I ought to have been on my guard. I ought to have known the old fox well enough to feel certain that when he went so manifestly out of his way to take me into his confidence he did it for a purpose. But Jove nods now and then—or so I have been assured on unimpeachable authority—and if Jove has ever been caught napping, surely Amelia Butterworth may be pardoned a like inconsistency.
“It is not a city crime,” Mr. Gryce went on to explain, and here he was base enough to sigh. “At my time of life this is an important consideration. It is no longer a simple matter for me to pack up a valise and go off to some distant village, way up in the mountains perhaps, where comforts are few and secrecy an impossibility. Comforts have become indispensable to my threescore years and ten, and secrecy—well, if ever there was an affair where one needs to go softly, it is this one; as you will see if you will allow me to give you the facts of the case as known at Headquarters today.”
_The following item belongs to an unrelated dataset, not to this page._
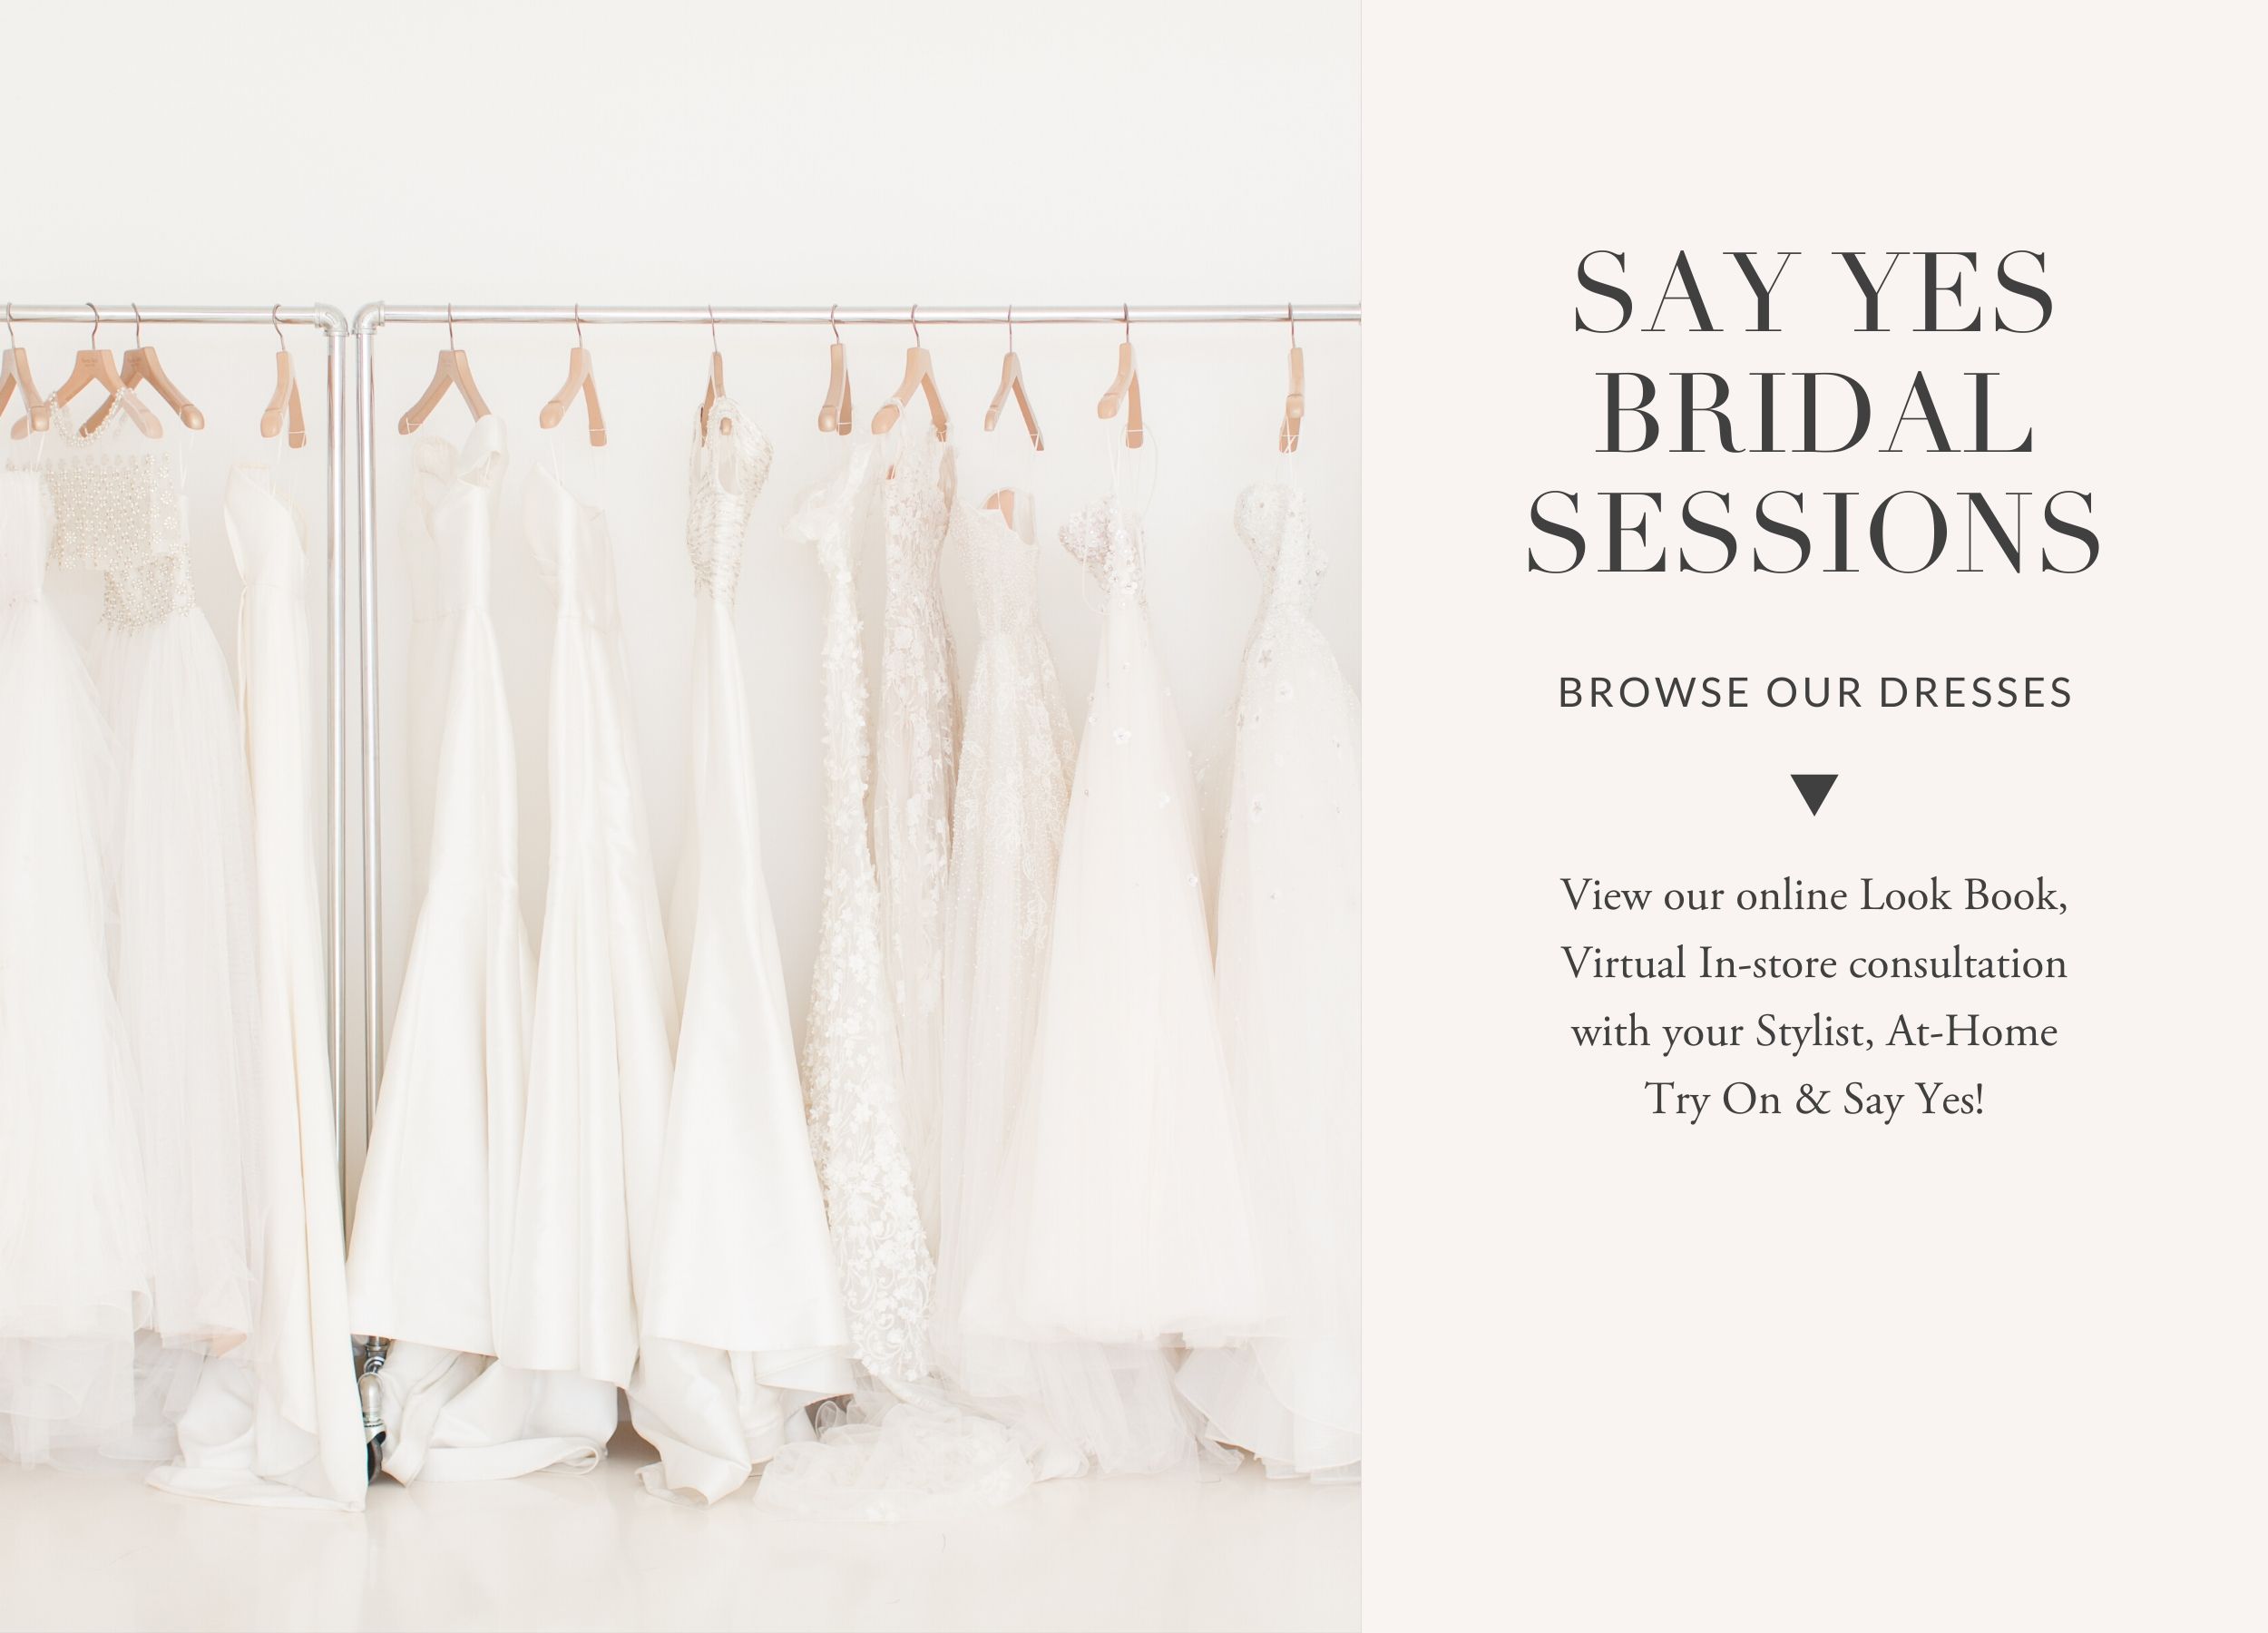 Say Yes Bridal Dress Sessions

I bowed, trying not to show my surprise or my extreme satisfaction. Mr. Gryce assumed his most benignant aspect (always
a dangerous one with him), and began his story.
CHAPTER II
I Am Tempted
“Some ninety miles from here, in a more or less inaccessible region, there is a small but interesting village, which has been the scene of so many unaccountable disappearances that the attention of the New York police has at last been directed to it. The village, which is at least two miles from any railroad, is one of those quiet, placid little spots found now and then among the mountains, where life is simple, and crime, to all appearance, an element so out of accord with every other characteristic of the place as to seem a complete anomaly. Yet crime, or some other hideous mystery almost equally revolting, has during the last five years been accountable for the disappearance in or about this village of four persons of various ages and occupations. Of these, three were strangers and one a well-known vagabond accustomed to tramp the hills and live on the bounty of farmers’ wives. All were of the male sex, and in no case has any clue ever come to light as to their fate. That is the matter as it stands before the police today.”
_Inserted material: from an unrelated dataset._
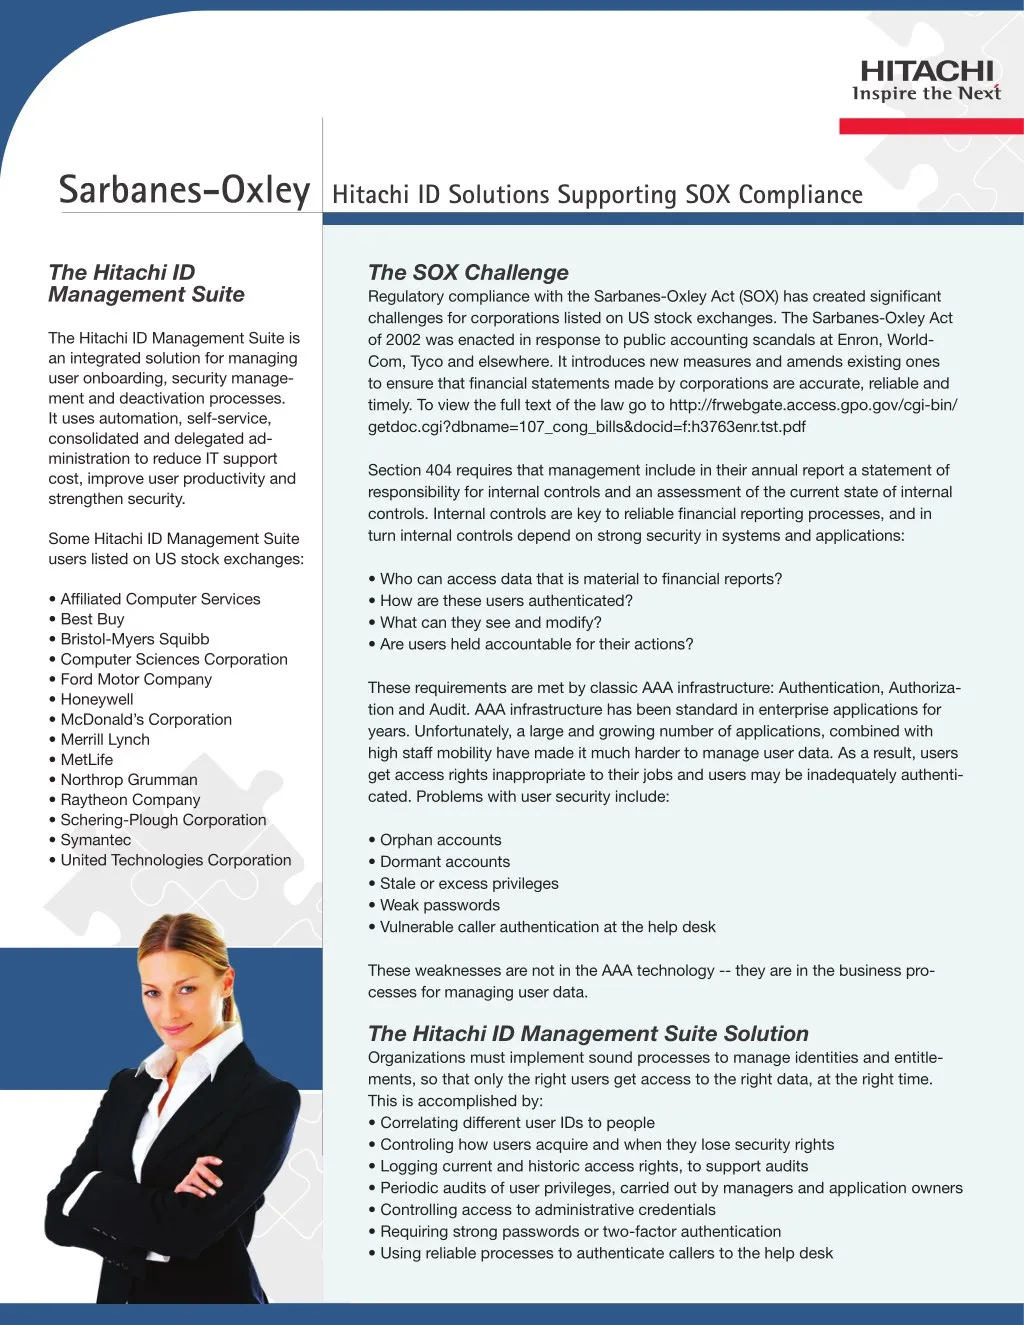 sarbanes oxley hitachi id solutions supporting

“A serious affair,” I remarked. “Seems to me I have read of such things in novels. Is there a tumbled-down old inn in the vicinity where beds are made up over trap-doors?”
His smile was a mild protest against my flippancy.
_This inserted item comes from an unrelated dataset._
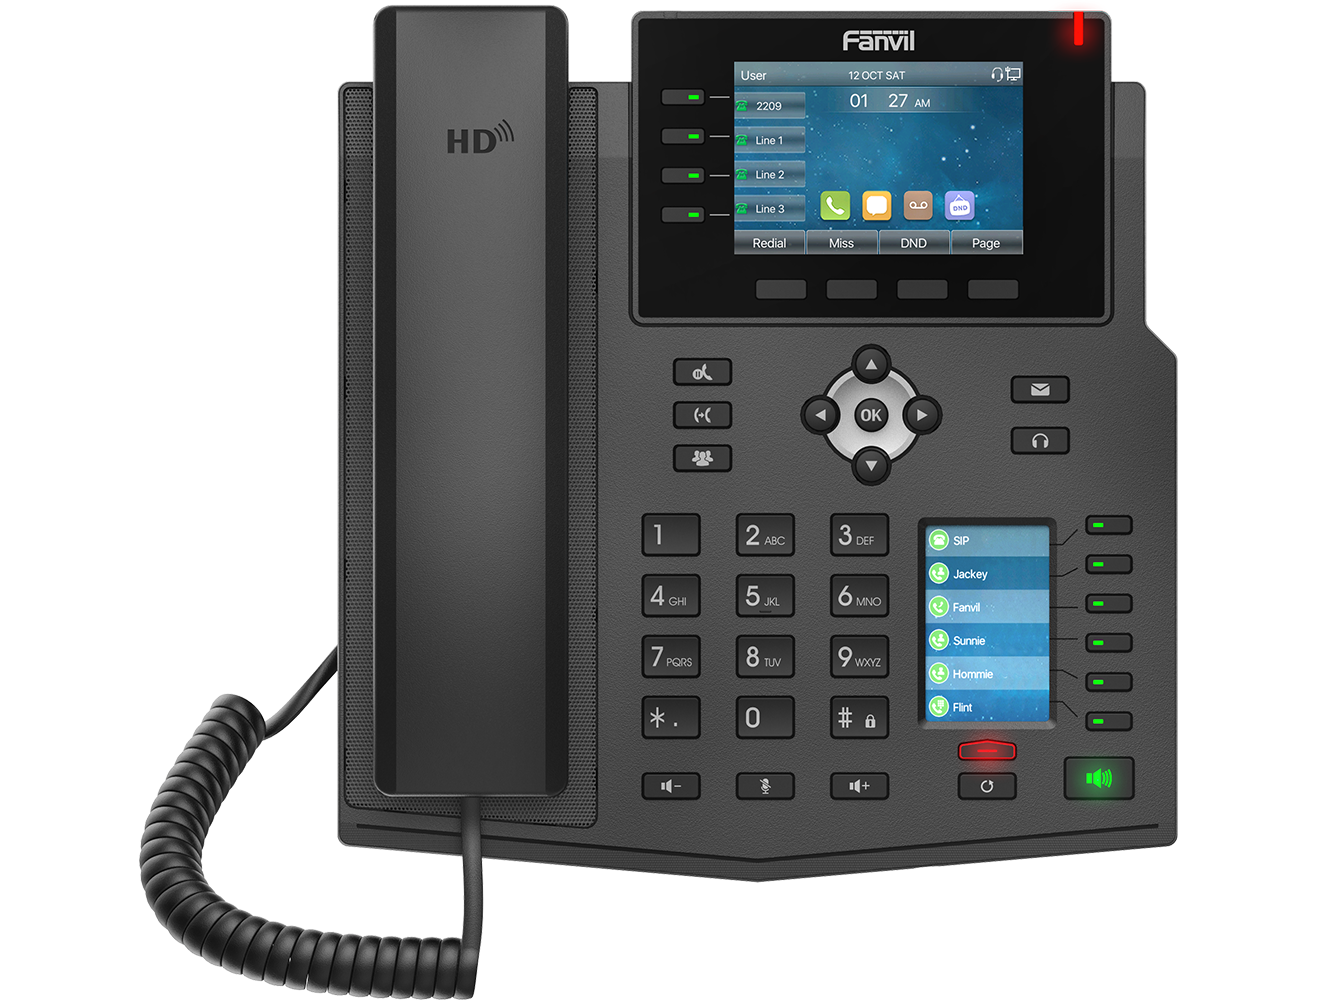 Is the Opus codec supported by the fanvil x5u, also known as Fanvil X5U-V2 16-Line Mid-level IP Phone?

“I have visited the town myself. There is no inn there, but a comfortable hotel of the most matter-of-fact sort, kept by the frankest and most open-minded of landlords. Besides, these disappearances, as a rule, did not take place at night, but in broad daylight. Imagine this street at noon. It is a short one, and you know every house on it, and you think you know every lurking-place. You see a man enter it at one end and you expect him to issue from it at the other. But suppose he never does. More than that, suppose he is never heard of again, and that this thing should happen in this one street four times during five years.”
“I should move,” I dryly responded.
“Would you? Many good people have moved from the place I speak of, but that has not helped matters. The disappearances go on just the same and the mystery continues.”